The Village Museum is an outdoor history museum. They collected homes from throughout Romania and moved them to this site just north of Bucharest. Most of the homes were from the 18th and 19th centuries. (This is similar to Sturbridge Village in Massachusetts, where they moved housed to form a museum.)
I started my journey today by taking the subway to the “Palace of the Parliament”. As I noted yesterday, this is the largest building in Europe and the 2nd largest in the world (2nd only to the Pentagon). I asked at the front desk of my hotel how to get there. Shortly after, another guest also asked how to get there. So, we decided to join forces in our search. The four of them were from Turkey (which is near Romania). We found the Metro station and then, with just a little effort, found the entrance for tours of the Palace.

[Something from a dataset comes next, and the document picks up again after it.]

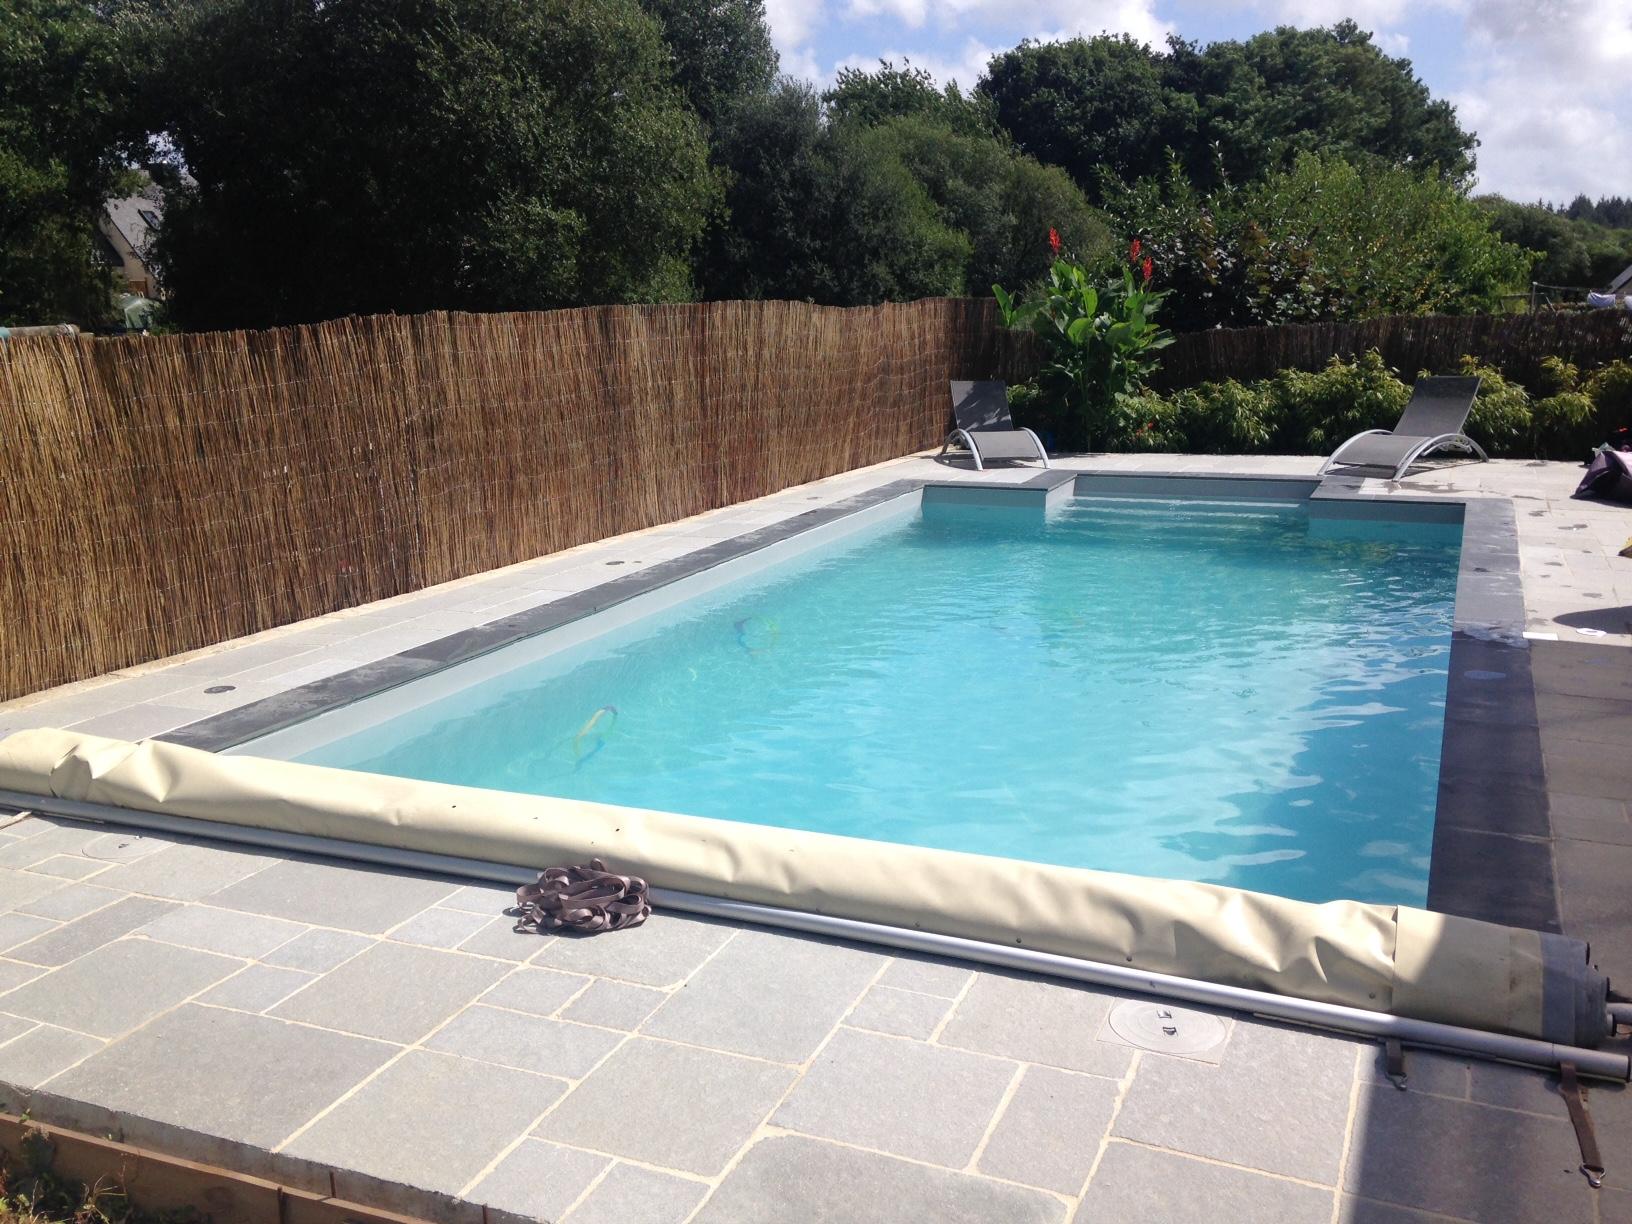 Envie d 39 une piscine cr apaysage - Piscine rectangulaire 4m x 2m ...

Just as there are sections of the White House (in Washington) that are only used for special occasions and official state visits, the entire first floor of the Palace of the Parliament is unused most of the time. This section is open to tourists and is, perhaps, the most popular stop in Bucharest for tourists. I signed up for the “Basic” tour and a few add-ons. The building was designed during the communist era but was not completed until after the revolution in 1989. Since much of the original concept for the building was to demonstrate the power of the communist party, it was designed to be awe-inspiring. These designs were drastically reduced after the revolution. The result is a huge edifice that is very sparsely decorated, giving an overall feeling of despair. Just another enormous concrete building.
The rooms on the first floor are mostly conference rooms and meeting rooms. Each room is gigantic with high roofs. I'm told that the second floor is similar and is used for parliament meetings. The rooms above the second floor are mostly used for office space and are not open to the tour. The building is 10 stories above ground and an undisclosed number of stories below ground. (Rumor has it that there are more than 10 stories below ground, since it was built during the cold war.) Although it's a popular tour, there really wasn't much to see.

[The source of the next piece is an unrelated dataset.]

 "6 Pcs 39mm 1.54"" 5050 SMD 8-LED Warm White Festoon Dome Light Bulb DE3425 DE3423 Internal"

The big adventure for me today was the National Village Museum. I took the Metro to the stop where it should be but couldn't find it. There were no signs about it and no visual evidence. As I sat on a park bench trying to decide what to do, I was approached by a man in his 20s who seemed to be asking me for directions. Seeing my perplexed look, he switched to English and asked if I knew where the Village Museum was. I explained to him that I, too, was looking for it. As I had done earlier in the day, I joined this group and we searched for it together. One of them was able to get the directions on his cell phone and off we went.
I love open air museums and visit them whenever and wherever I can. This was no exception. There were dozens of buildings for all over Romania. But, only a few were open to see inside. It's possible that more of them are open in the summer, since it's now November. I found the homes to be very typical of similar homes that I have seen in other countries. The difference is that they were similar to much older homes in America. What was described as a 19th century home in Romania was very similar to exhibits of 18th century homes in America. The building housing my condo now was built around 1850 yet is far more modern in construction than the 1930s houses in this museum. The Industrial Revolution was underway in Rhode Island but it was not to reach Romania for many years.
Still it was fascinating to see all of the building gathered in this one place from all around Romania. I would recommend it to anyone as a must-see attraction.
Fortunately, I had decided to bring my walking stick today. The village paths were mostly made from paving stones. In addition, the weather was wet, not raining but thick fog. This made the trails uneven and slippery. There were stairs throughout the village. With the added stability of the walking stick, these were easy to navigate. I've also noticed that, when they see an old man with a cane, everyone is extra nice. I even had someone on the metro stand up and offering me his seat. I'm not sure that's ever happened to me in the U. S.. There are a few advantages to being old in a country where almost everyone is young!